--- PROVIDED MATERIAL Enclosed Below ---
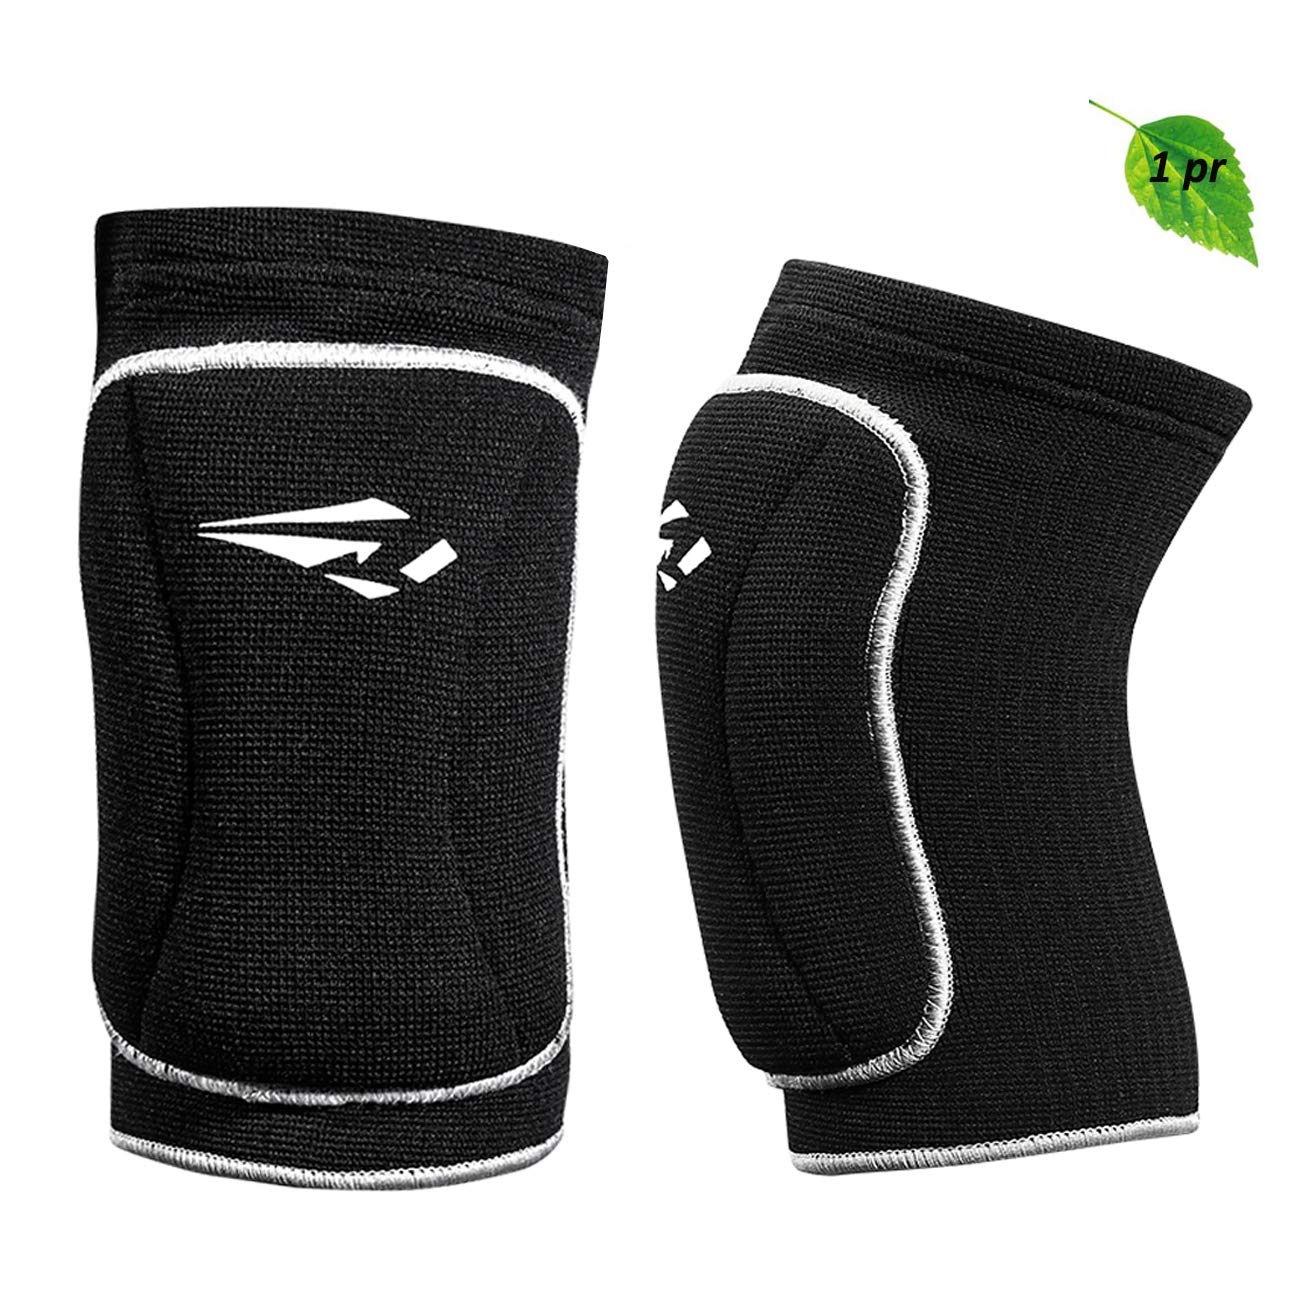 Volleyball Basketball Knee Pads Sz Med with High Shock Absorbing Cushion, Dance Riding Protector Protection for Adult Junior Youth Men Women Boy Girls (black, Middle) - Opticdeals
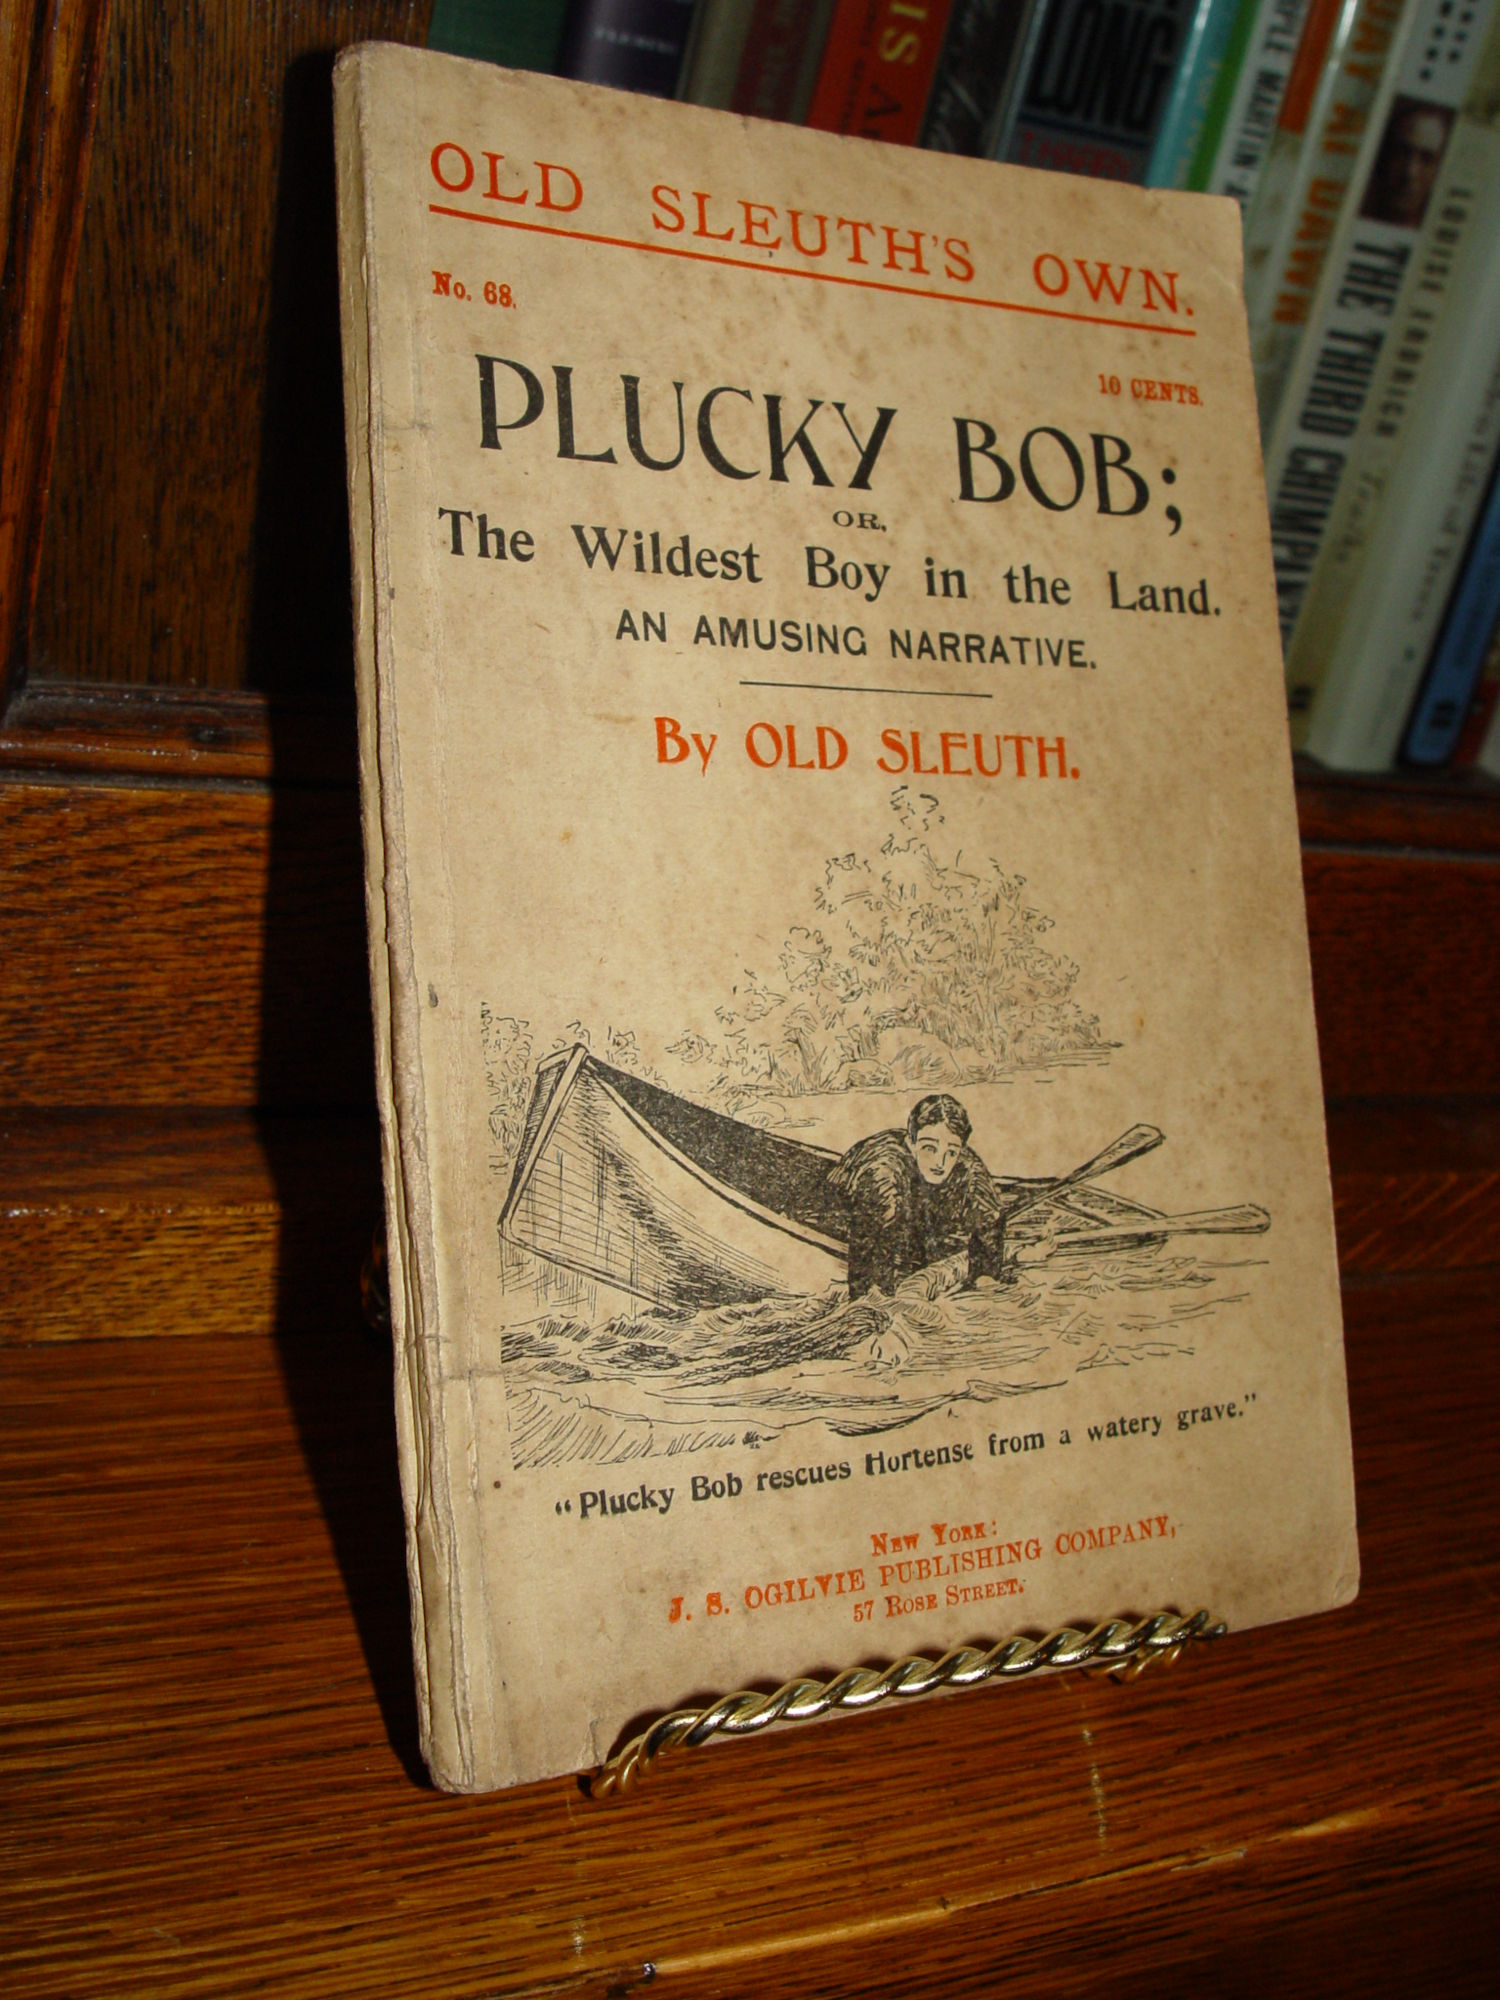 Plucky Bob; or, The Wildest Boy in the Land
                        No 68 1896 Old Sleuth's Own
--- End of Enclosed PROVIDED MATERIAL ---
▸ TO DO: Starting with the line that contains "Plucky Bob; or, The Wildest Boy in the Land", reproduce every line to the end of the material above, both end lines included, exactly and with no pictures.

▸ ANSWER BELOW:
 Plucky Bob; or, The Wildest Boy in the Land
                        No 68 1896 Old Sleuth's Own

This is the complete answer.